В послеобеденное время в библиотеке обнаружились ещё более интересные открытия и инсайты.
Среди изданий типографии Альда была «Иероглифика» Гораполлона, а также копия перевода Марчилио Фичино 1497-го года классических и византийских текстов, включая «Ямвлиха», «Порфирия», «Синезия», «Пселла» и «Прокла». Переплёт был сделан из чёрной козьей шкуры, с необычного вида камеей, вставленной прямо в середину передней панели. На гемме был гравирован крошечный образ сидящего бога с множеством свивающихся змей и гротескной головой, по-видимому, вырывающейся из его торса. Это тут же привело девушку к мысли о странных статуях в саду.
Досадная вещь заключалась в том, что большинство наиболее выдающихся из этих изданий, включая те, что происходили из типографии Альда, как и некоторые фолианты Пиранези, имели экслибрисы в «египетском» стиле, на которых было выписано лишь одно имя, «Серкет».
Первые несколько ночей в непривычной кровати никогда не бывают удобными, и помещения для слуг на вилле д’Арка, где ей выделили место для ночлега, определённо не были спроектированы с расчётом на какую-либо роскошь. Не помогало и то, что она была намного выше предполагаемого обитателя кровати, и ей приходилось лежать, свернувшись калачиком. Антония едва ли вообще сомкнула глаза в первую ночь, а во вторую, впервые за годы, ей снилось, будто она вновь во Флоренции и спускается в вонючий подвал Библиотеки Национале. На голове у неё вновь был тяжёлый резиновый противогаз, а внизу под ней маячила темнота. Сон сопровождался пугающим ощущением реальности, даже когда она изо всех сил пыталась вернуться в сознание.
Дотторесса связалась с Британской школой по поводу того, сможет ли кто-нибудь помочь ей разобраться с запертыми ставнями на вилле. Она отнюдь не удивилась, когда узнала, что эта работа была поручена местной фирме более двух недель назад.

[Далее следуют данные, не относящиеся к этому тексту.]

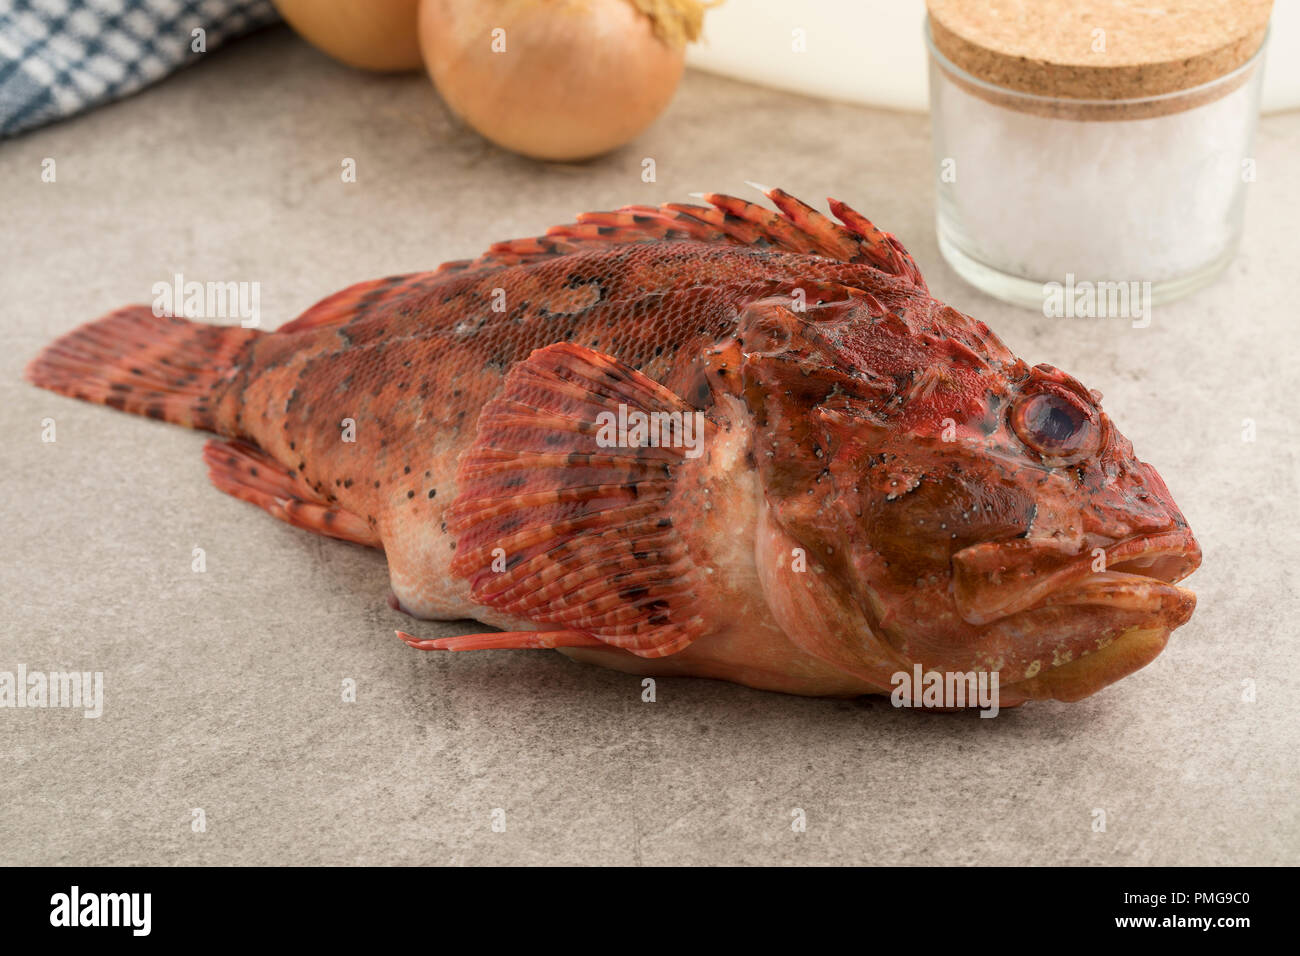 Single fresh raw red scorpionfish ready to cook Stock Photo

Это дело об экслибрисах Серкет не давало ей покоя. Она не встречалась с этим именем ранее, и в любом случае оно едва ли было итальянским. Мог ли ящик с книгами быть купленным у какого-нибудь француза, гадала она. Дальнейшее изучение заметок секретаря явило ей, что во времена «египетской» трансформации виллы и покупки прилегающей недвижимости здесь проживал знатный господин по имени Джамбатиста д’Арка. Девичье имя его жены Градивы было Бевисанж.
Бевисанжи, как ей смутно припомнилось, были старинной тосканской родословной, в чьих предках 12-го века имелись некоторые личности сомнительной репутации. Девичье имя жены Джамбатисты было, по-видимому, французского происхождения, однако какая-либо непосредственная связь между Бевисанж и Серкет не наблюдалась.
* * *
Она провела следующий день, вернувшись в Рим и прочёсывая библиотеку Британской школы касаемо любых материалов, относящихся к семье д’Арка. Среди нескольких таких томов она также нашла небольшую книжицу под заглавием «Simboli, mostri e metafore mile architettura del Manierismo». На взгляд девушки, эта книга могла пролить немного света на происхождение символизма, использовавшегося при создании тех причудливых парковых статуй.
Просматривая каталог рукописей, она уступила прихоти и решила попутно поискать любые материалы под именем Серкет.
В Школе хранилось изрядное число рукописных отчётов о путешествиях, и среди них имелся документ под этим именем. В нём, судя по всему, описывались продолжительные вояжи по Ближнему Востоку.
Манускрипт хранился в большом офисном боксе. На первый взгляд содержимое больше всего напоминало небольшую седельную сумку из тиснёной кожи, так плотно втиснутую в ящик, что было весьма трудно её оттуда вытащить.
Это была книга, сформированная путём складывания одного грубого листа кожи вокруг набора необрезанных страниц и прошитого вдоль спинки. Получился том в мягком переплёте с идущими в нахлёст волнистыми краями, который переплётчики называют «япп». Накладки были изогнуты вниз по книге, а кожаные ремешки завязывали её. Общее впечатление от этой рукописи напоминало нечто, задуманное, чтобы защищать содержимое от воздействия стихий в путешествиях, которые и так истёрли наружную часть переплёта до состояния старого ботинка.
Расстёгивание ремешков стоило Антонии сломанного ногтя. Листы внутри имели цвет мёртвых листьев, однако они были столь плотные и весомые, что наводили на мысль о неразрушимости.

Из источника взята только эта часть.